Sokołów ma być tak dużo nie tylko po tom by odbudować ich populację w Rosji, ale mają także stanowić cieszący się dużym popytem przedmiot eksportu do krajów Zatoki Perskiej.

W takich krajach jak Arabia Saudyjska, Zjednoczone Emiraty Arabskie czy Kuwejt wciąż bardzo żywa jest tradycja łowiecka, więc rynek zbytu na sokoły jest duży.

Szczególnie pożądane są właśnie ulubione ptaki rosyjskich carów - białozory, głównie ze względu na swoją wielkość i inteligencję.

Sokoły te są odławiane w Rosji przez kłusowników.
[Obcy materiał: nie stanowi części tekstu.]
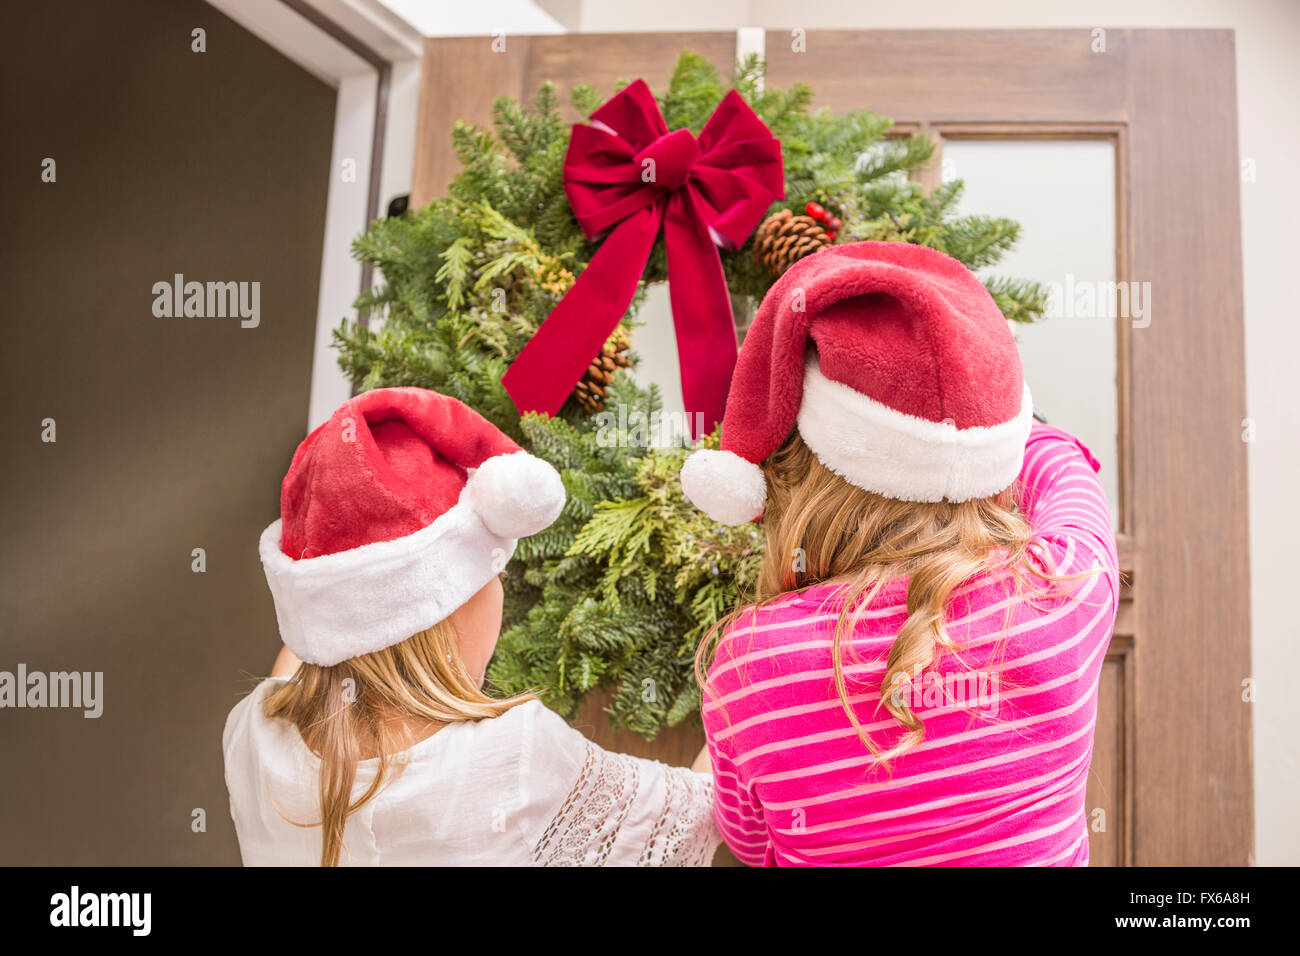 Caucasian girls hanging Christmas wreath Stock Photo

Wabione żywą przynętą są łapane w siatki, krępowane i ukrywane, by przemycić je przez kontrole. Wiele ptaków takich podróży nie przeżyło. Za nielegalne odławianie sokołów grozi w Rosji kara do 4 lat więzienia.

Ten proceder szczególnie żywy jest na dalekim wschodzie Rosji - na Kamczatce, gdzie występuje najwięcej białych białozorów - najcenniejszych.

Tam, jak mówi specjalista od tego gatunku sokołów, Jewgienij Łobkow, kłusownictwo na skalę przemysłowa trwa od dziesięcioleci. Sprawy rzadko trafiają do sądu. Według mediów w 2013 roku do takiej rozprawy doszło, ale kaucję za kłusownika uiściła ambasada Zjednoczonych Emiratów Arabskich.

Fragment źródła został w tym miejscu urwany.